Start with the files agents are most likely to read and respect.

Each file should have a clear job. If two files repeat the same paragraph, one of them will drift. Keep the canonical facts in one place and point specialized tools back to that source.

AGENTS.md

AGENTS.md

A predictable operating manual for coding agents.

Best for: Build commands, tests, repo-specific rules, safety boundaries, and workflow expectations.

Should contain

  • setup, build, lint, test, and release commands
  • repository-specific coding conventions
  • review and safety rules agents must respect
  • where to find deeper docs when context is needed

DESIGN.md

DESIGN.md

A design-system source of truth for AI-generated interface work.

Best for: Visual language, tokens, layout rules, component behavior, and product taste.

Should contain

  • machine-readable tokens for color, type, spacing, radius, and elevation
  • human-readable guidance for when and why to apply those tokens
  • component and interaction rules with concrete examples
  • anti-patterns that protect brand and usability

PRODUCT.md

PRODUCT.md

Product context that keeps implementation choices aligned with the business.

Best for: Purpose, target users, key jobs, business model, positioning, and feature priorities.

Should contain

  • target users and their primary jobs
  • core workflows and success criteria
  • business objectives and constraints
  • product principles that should influence tradeoffs

TECH.md

TECH.md

Technical stack and implementation constraints for future code changes.

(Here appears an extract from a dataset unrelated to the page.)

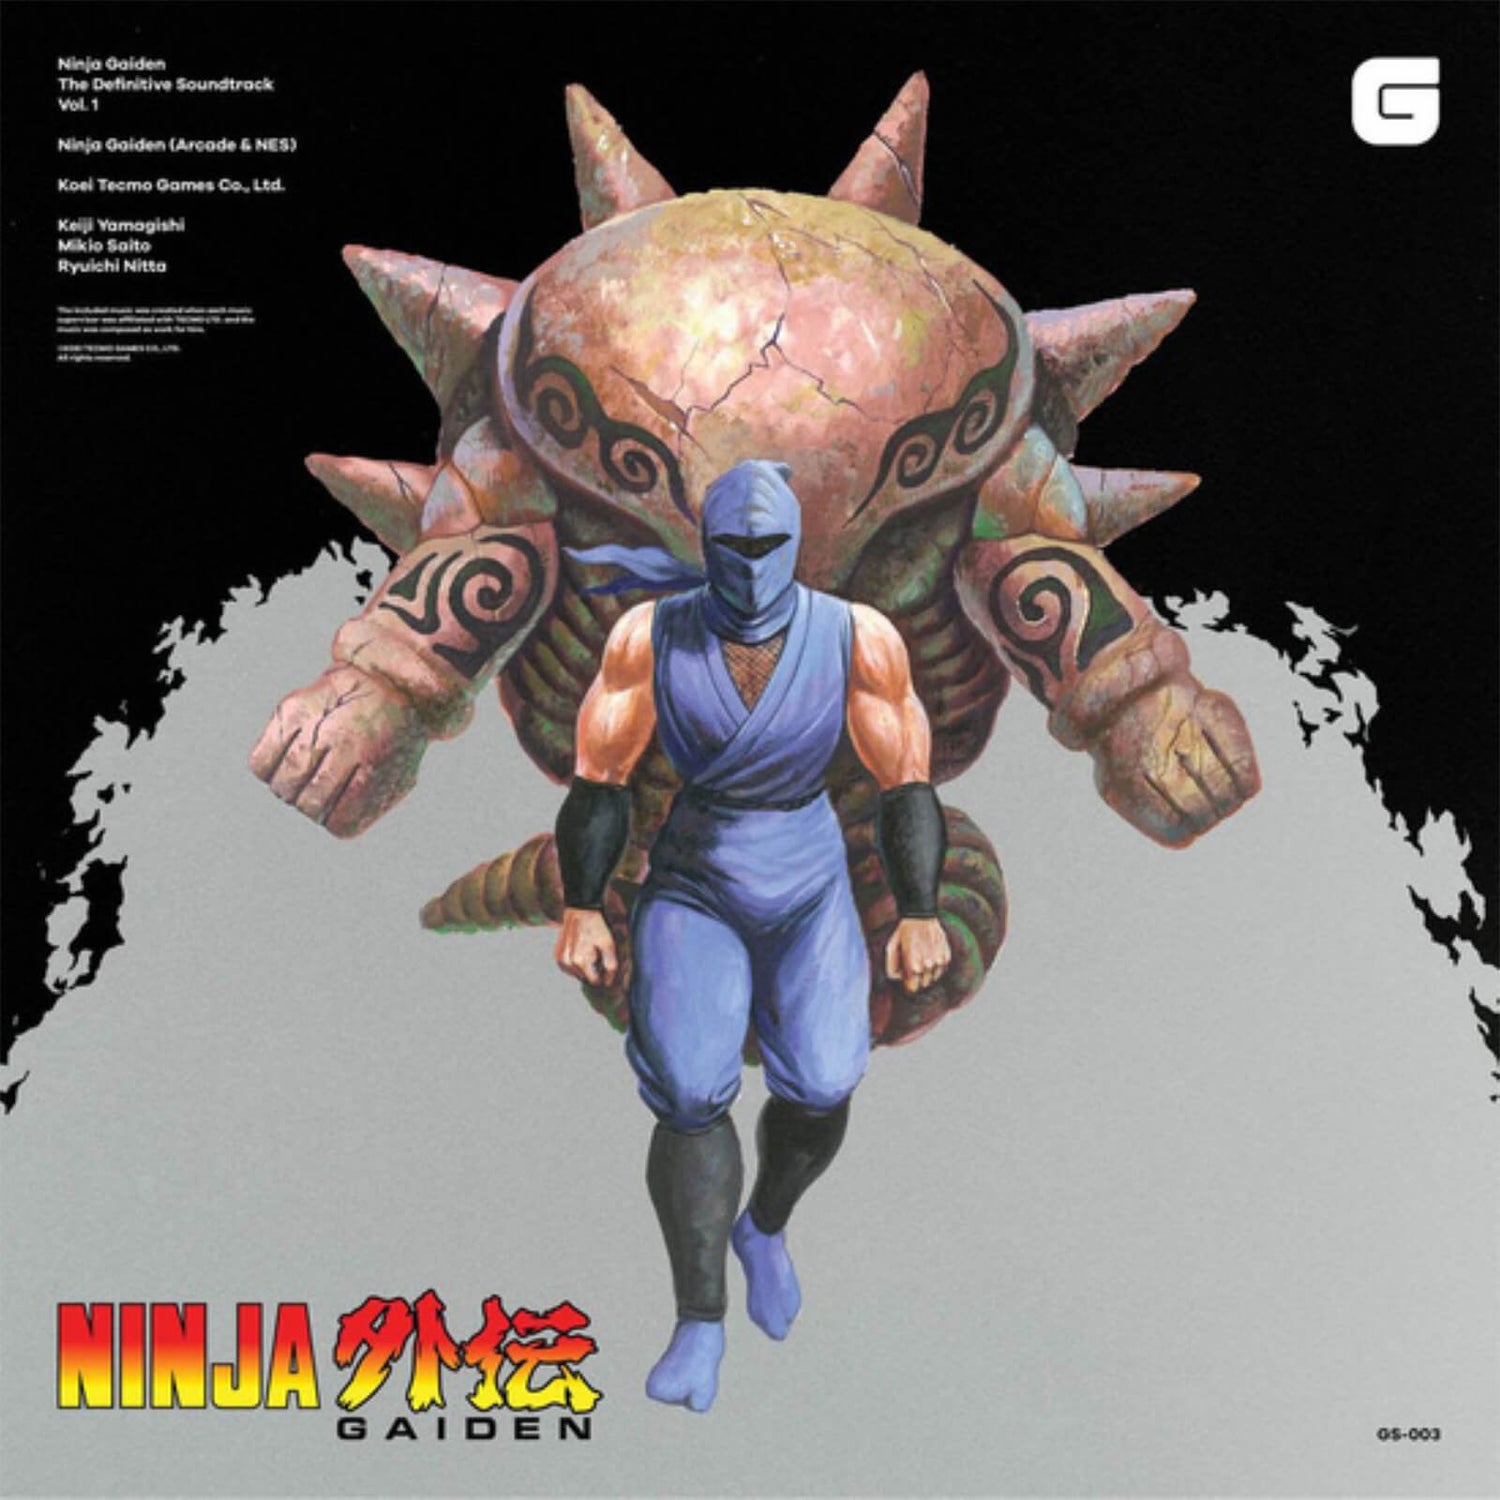 Brave Wave - Ninja Gaiden (The Definitive Soundtrack, Vol. 1) 2xLP

Best for: Frameworks, libraries, tools, commands, runtime constraints, and dependency preferences.

Should contain

  • frameworks, languages, package managers, and runtime versions
  • approved libraries and discouraged alternatives
  • local development and CI commands
  • security, performance, and deploy constraints

STRUCTURE.md

STRUCTURE.md

A map of the codebase that helps agents put changes in the right place.

Best for: Architecture, directory layout, import patterns, naming conventions, and ownership boundaries.

Should contain

  • major directories and what belongs in each
  • naming and import conventions
  • shared modules and extension points
  • examples of good local patterns to copy

VISION.md

VISION.md

Longer-horizon direction that changes less often than product specs.

Best for: Taste, ambition, non-goals, operating philosophy, and the future shape of the project.

Should contain

  • why the project should exist in the long term
  • what the product should feel like when it is excellent
  • hard non-goals and tradeoffs
  • principles for deciding between plausible paths

Related formats

Not every agent reads the same files.

Use generic files for durable knowledge, then add thin tool-specific wrappers only where the tool needs a special path or syntax.

Writing checklist

Good steering files are short, specific, and grounded in the repo.

  1. Say what the file controls. Start with the scope and the intended reader.
  2. Prefer commands over vibes. Include exact install, test, lint, build, and deploy commands.
  3. Name the good examples. Point agents to files and modules that show the preferred pattern.
  4. Document constraints. Spell out security, data, accessibility, performance, and product boundaries.
  5. Keep canonical facts single-source. Link across files instead of duplicating long sections.
  6. Review after real agent work. Update the files when agents repeatedly ask the same question or make the same mistake.